Data segment:
○ ○ ○

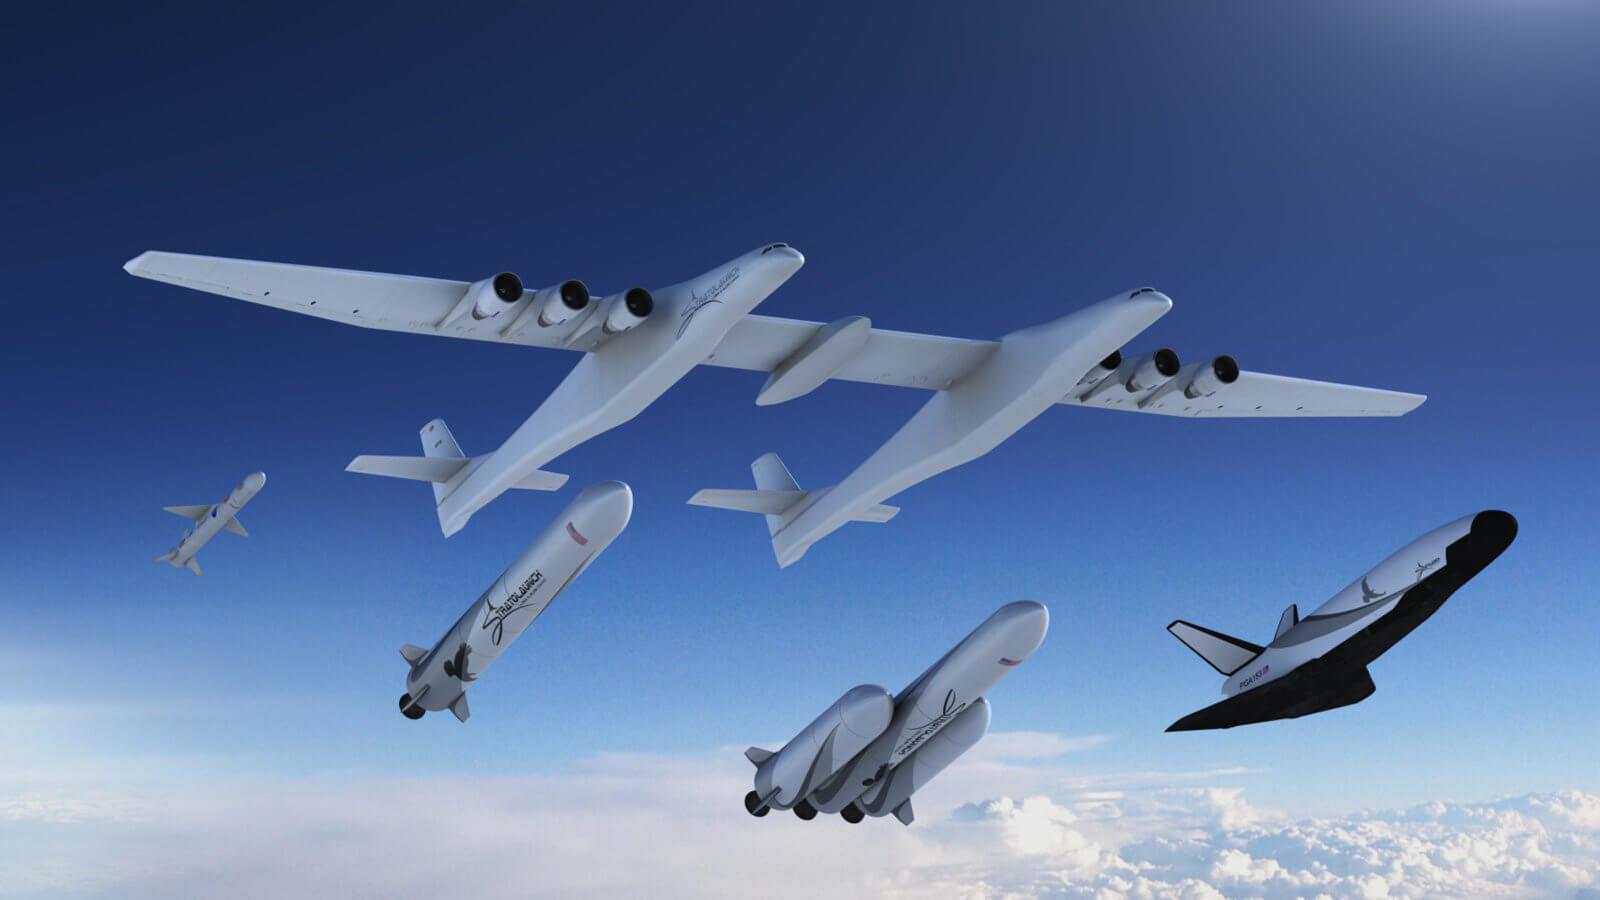 Частная аэрокосмическая компания Stratolaunch Systems отказалась от большинства своих проектов
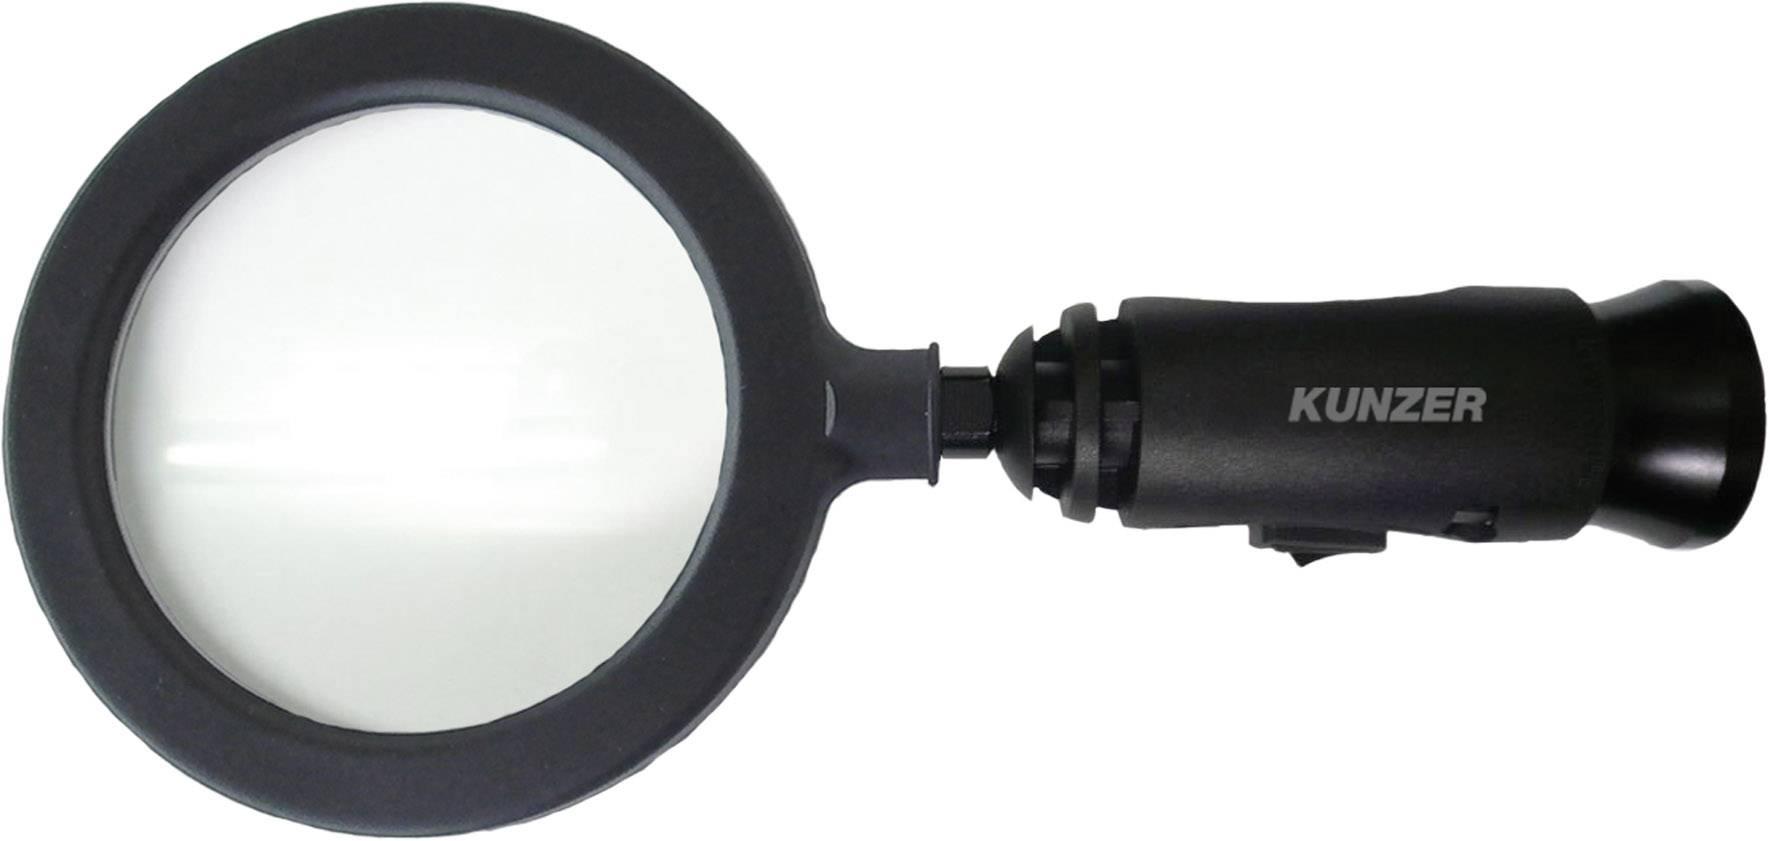 Vergrootglas Met LED-verlichting Lensgrootte: (Ø) 90 mm Zwart Kunzer ...
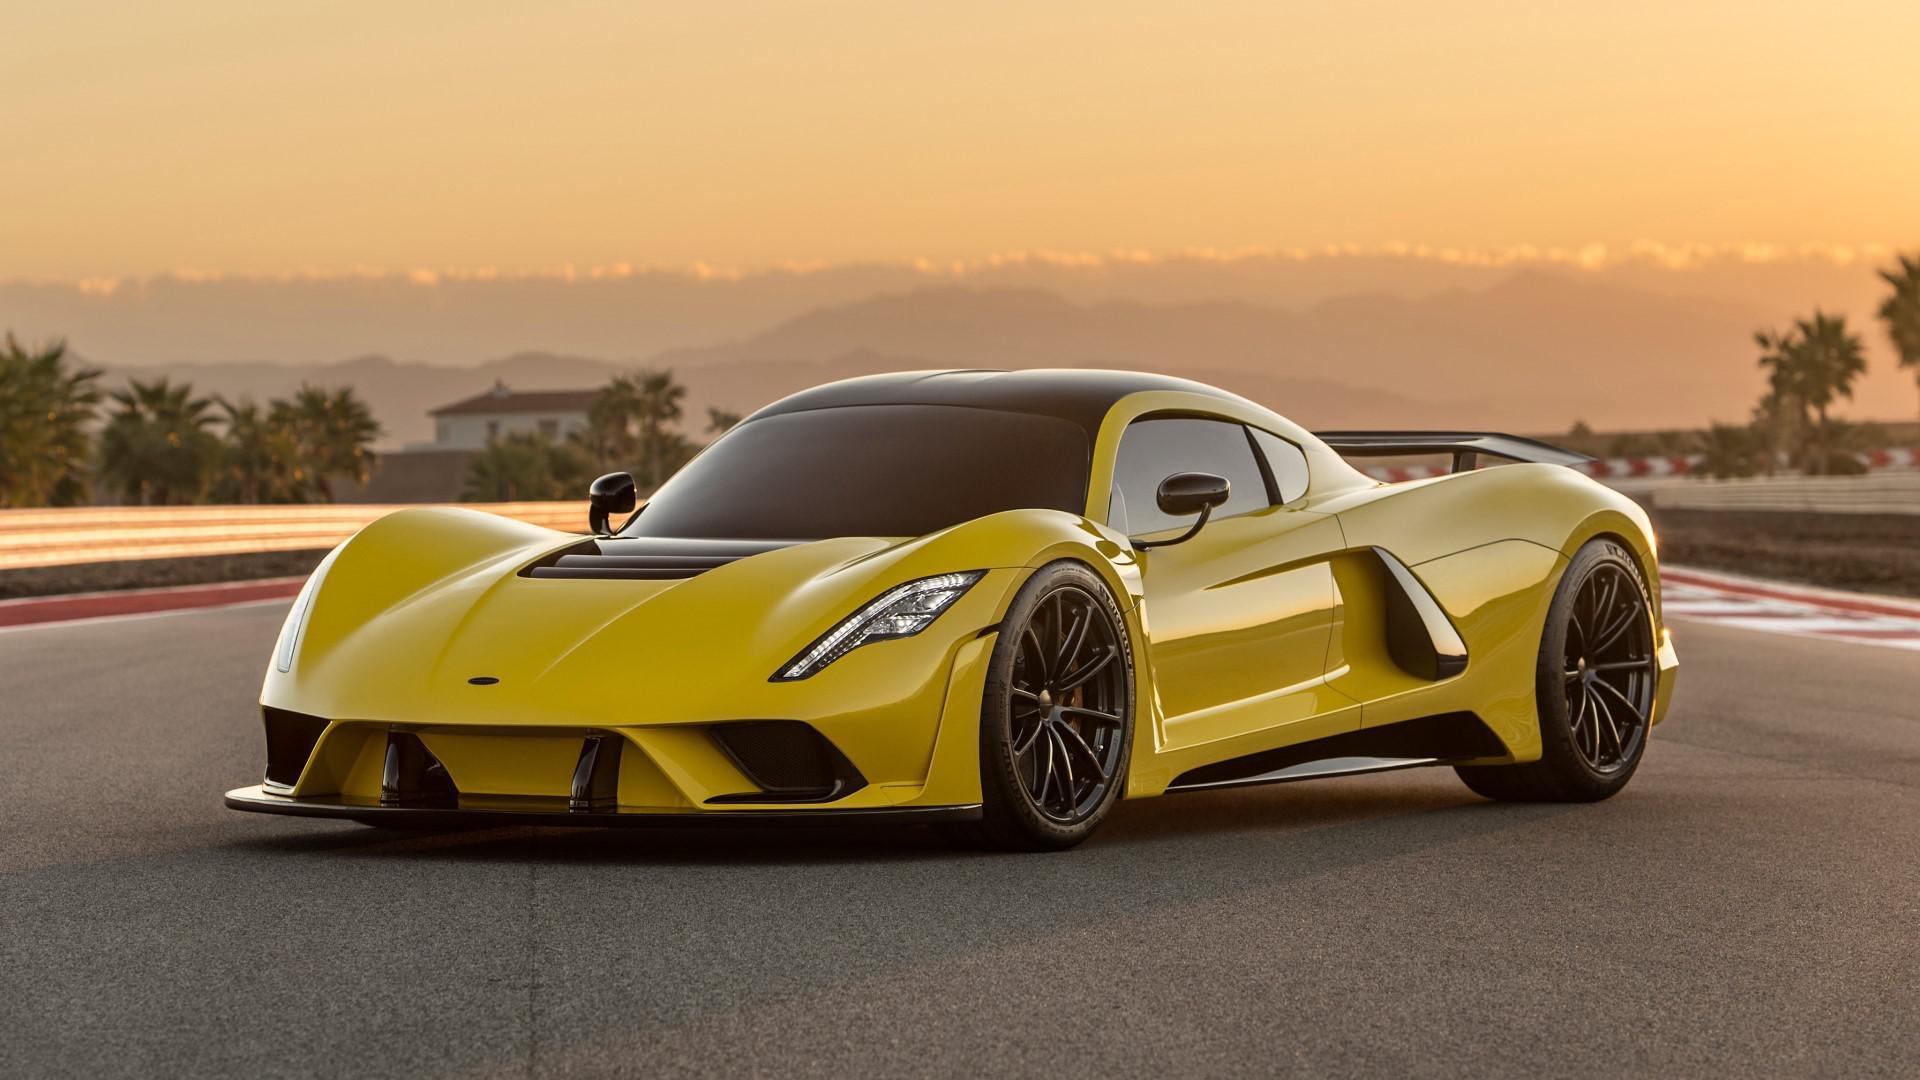 quelle-est-la-voiture-de-serie-la-plus-rapide-au-monde-1290-5.jpg

○ ○ ○

Problem details: Copy out the listing above exactly, and keep the pictures out of it.

Result of the exercise:
 Частная аэрокосмическая компания Stratolaunch Systems отказалась от большинства своих проектов
 Vergrootglas Met LED-verlichting Lensgrootte: (Ø) 90 mm Zwart Kunzer ...
 quelle-est-la-voiture-de-serie-la-plus-rapide-au-monde-1290-5.jpg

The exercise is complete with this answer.